(The problem) Pictures aside, quote the whole listing exactly.

(Data excerpt)
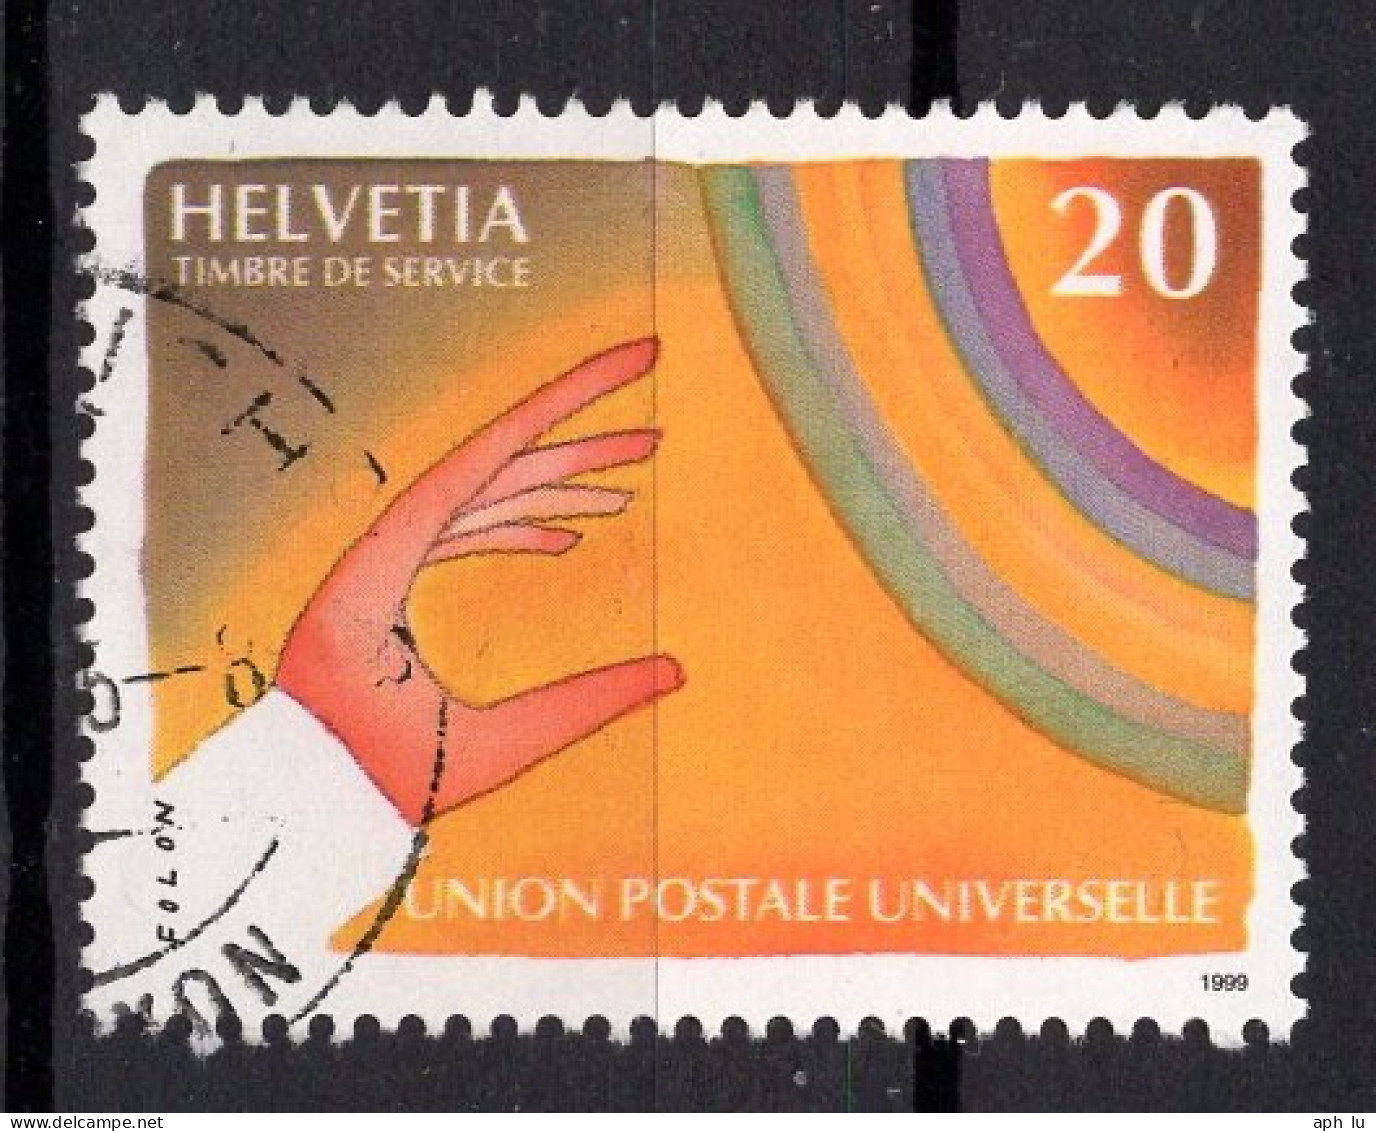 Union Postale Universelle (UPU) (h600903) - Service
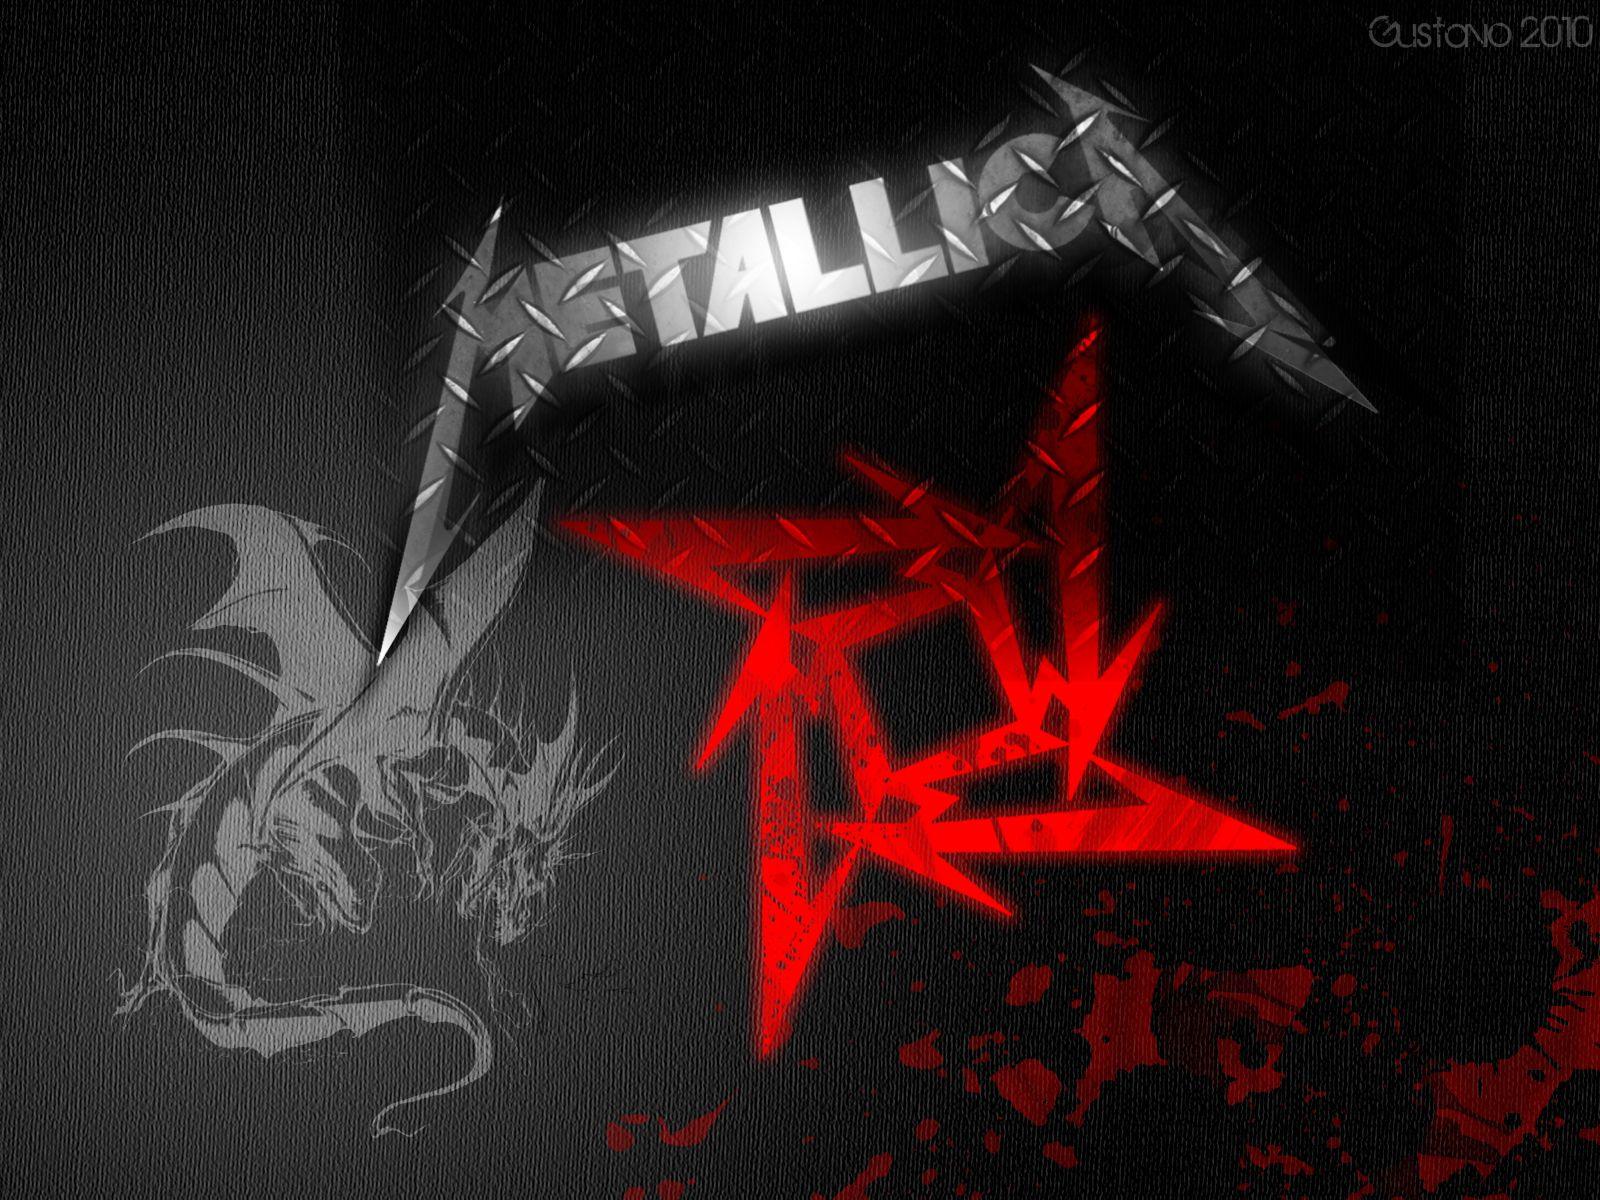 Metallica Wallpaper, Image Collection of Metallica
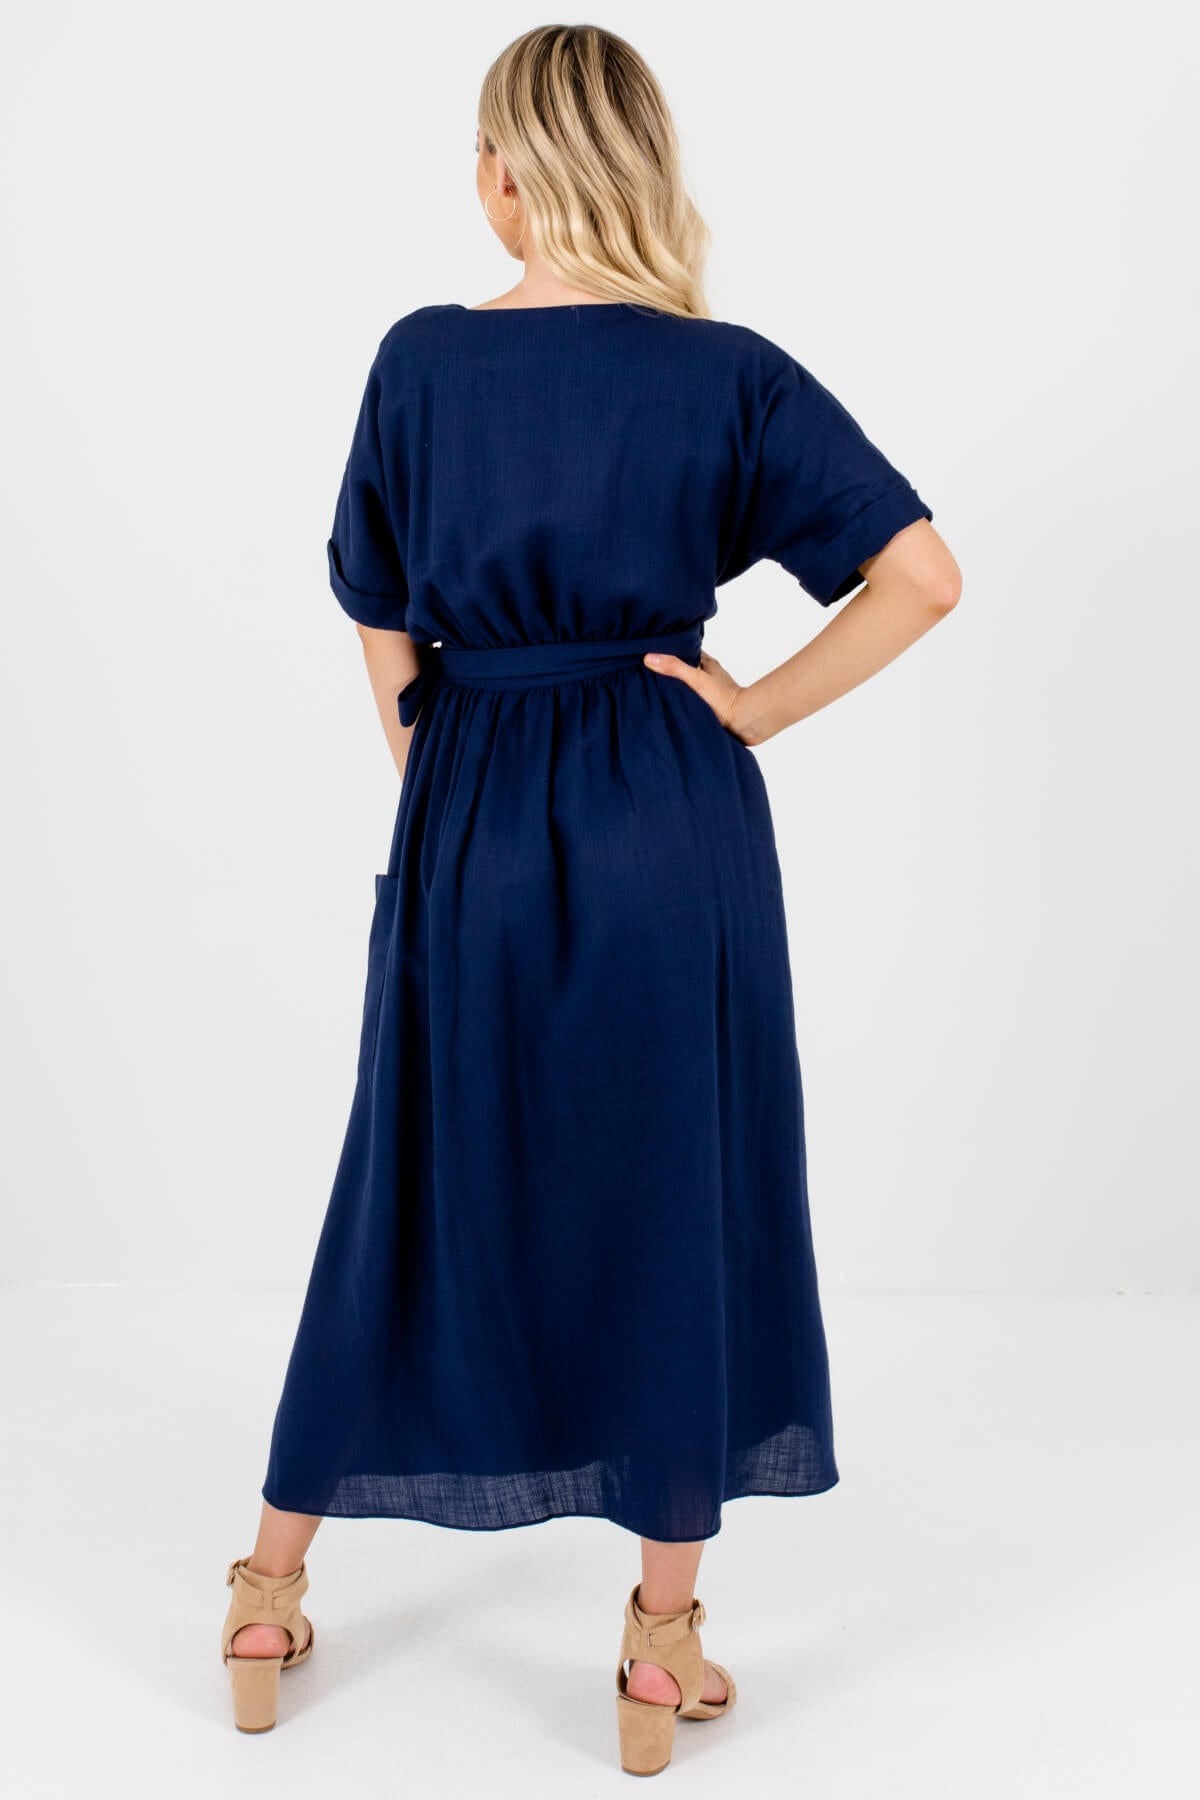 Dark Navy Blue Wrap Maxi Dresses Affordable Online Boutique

(Solution for this task)
 Union Postale Universelle (UPU) (h600903) - Service
 Metallica Wallpaper, Image Collection of Metallica
 Dark Navy Blue Wrap Maxi Dresses Affordable Online Boutique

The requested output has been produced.